Bone sialoprotein (BSP) is a mineralized tissue-specific protein expressed in differentiated osteoblasts that appears to function in the initial mineralization of bone. Calcium hydroxide (Ca(OH)
2) is a basic salt that has been widely used for a variety of applications in dentistry, due to its antimicrobial effects and its capability of inducing hard tissue formation. However, details of the mechanism involved in the mineralization induced by Ca(OH)
2 are still unclear. In the present study, Ca(OH)
2 (0.4 mM) was found to increase the levels of BSP and Runx2 mRNA at 3 h in human osteoblast-like Saos2 cells. Transient transfection assays were performed using chimeric constructs of the human BSP gene promoter linked to a luciferase reporter gene. Treatment of Saos2 cells with Ca(OH)

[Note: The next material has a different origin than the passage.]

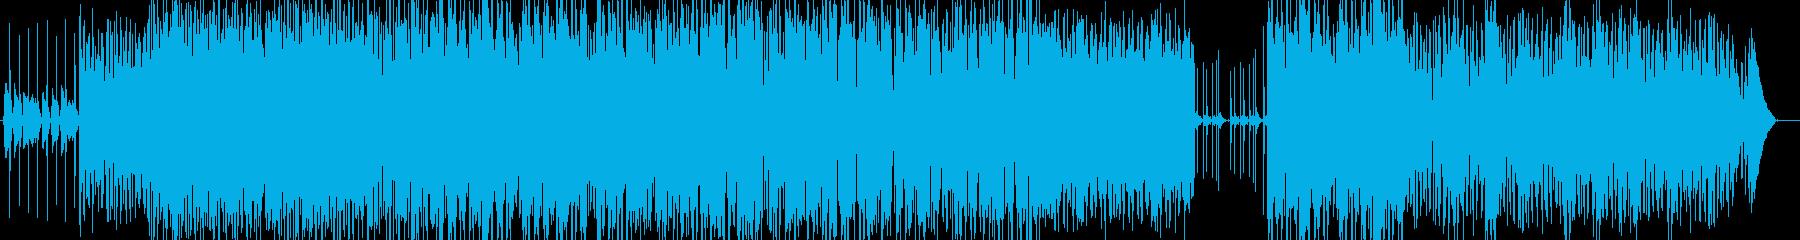 明日ライドオンタイムの再生済みの波形

2 (0.4 mM) increased the luciferase activities of the constructs between -60LUC and -927LUC at 12 h. Gel shift analysis showed that Ca(OH)
2 (0.4 mM) increased the binding of nuclear protein to CRE1, CRE2 and FRE. Antibodies against CREB1, c-Fos, c-Jun, JunD, Fra2 and P300 disrupted the formation of the CRE1- and CRE2-protein complexes, and antibodies against Dlx5, Msx2, Runx2 and Smad1 disrupted the formation of the FRE-protein complex. These findings demonstrate that Ca(OH)
2 stimulates BSP transcription by targeting the CRE1, CRE2 and FRE elements in the human BSP gene promoter. (J Oral Sci 53, 77-86, 2011)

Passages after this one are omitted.